Where to put curve points: In most cases, you want to place your points on the sides of your curves, not at the ends. These are things that you will get the feel of as you trace more with the Pen tool.
When adjusting shapes, you generally don’t want the control handles to cross. That creates sharp pinches or loops.
Paths to Masks
Once you have created a path that you’re satisfied with, you can convert the path to a mask. To use the path as a vector mask, do the following:
- In the Paths panel, click on the path to activate it.
- In the Layers panel, click on the layer you want to add the mask to.
- Ctrl-click (Mac: Command-click) on the Add Mask icon at the bottom of the layers panel.
One advantage of using vector masks is that the mask remains an editable path. You can edit the mask directly, and you don’t have to re-save it in the Paths panel.
When working with vector masks, it’s sometimes helpful to activate the Masks panel and temporarily decrease the density of the mask so that you can see how the mask is lining up.
When you’re done editing the mask, return the density to 1% and click the mask thumbnail to hide the path outline and review your work.
Combining Paths With Alpha Masks
If you want to extract people from their surroundings to replace the background, you’ll often want to outline the face or body with the pen tool and use some other technique to create a hair mask. Then you can combine the two to create the final mask. The example here comes from Masking Essentials, Chapter 26 of the Photoshop CS5 One-on-One: Mastery course on lynda.com.
The high-quality Hair Mask alpha channel was created with advanced techniques, including the Calculations command. If you’re not familiar with the technique, a simpler (though less effective) approach might be to make a Color Range selection followed by the Refine Edge command.
The body outline was created with the pen tool and includes the gathers in the cloth along the torso. Those details will help to make the new composite believable.
When outlining the figure, here’s one important subtlety: Be sure to allow your path to extend slightly beyond the image area and into the pasteboard. In this example, you can see how the outline of the arm goes cleanly into the pasteboard.
To combine both elements into a complete hair and body mask, do the following:
- Optional: duplicate the Hair Mask channel.

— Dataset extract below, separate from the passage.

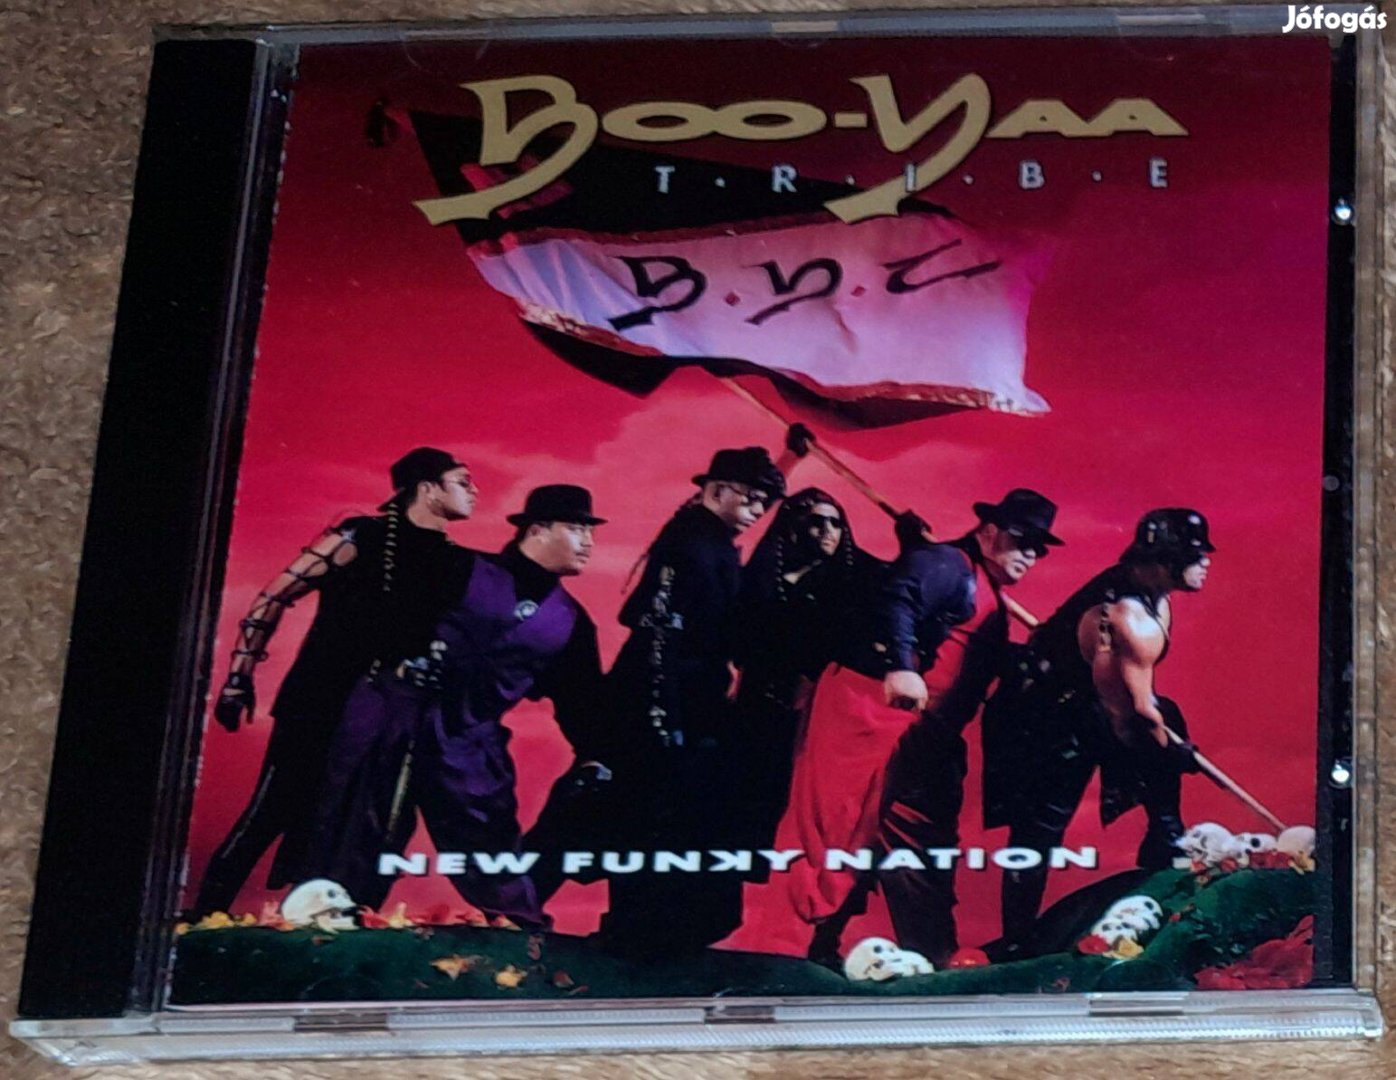 Boo-Yaa T.R.I.B.E. - New Funky Nation CD

This will allow you to alter a copy and keep the original version.
- Click in the Channels panel to activate the target Hair Mask channel.
- In the Paths panel, click on the body outline to activate it.
- Tap D to set the default foreground and background colors.
- Select Fill Path from the fly-out menu at the upper right corner of the Paths panel.
- Choose Foreground Color from the menu at the top of the Fill Path dialog and then click OK.
- Click the gray area at the bottom of the Paths panel to deselect the path and hide its outline.
Armed with this information and a little practice, you’ll be amazed at what you can do with the Pen tool. It is mightier than the sword, indeed.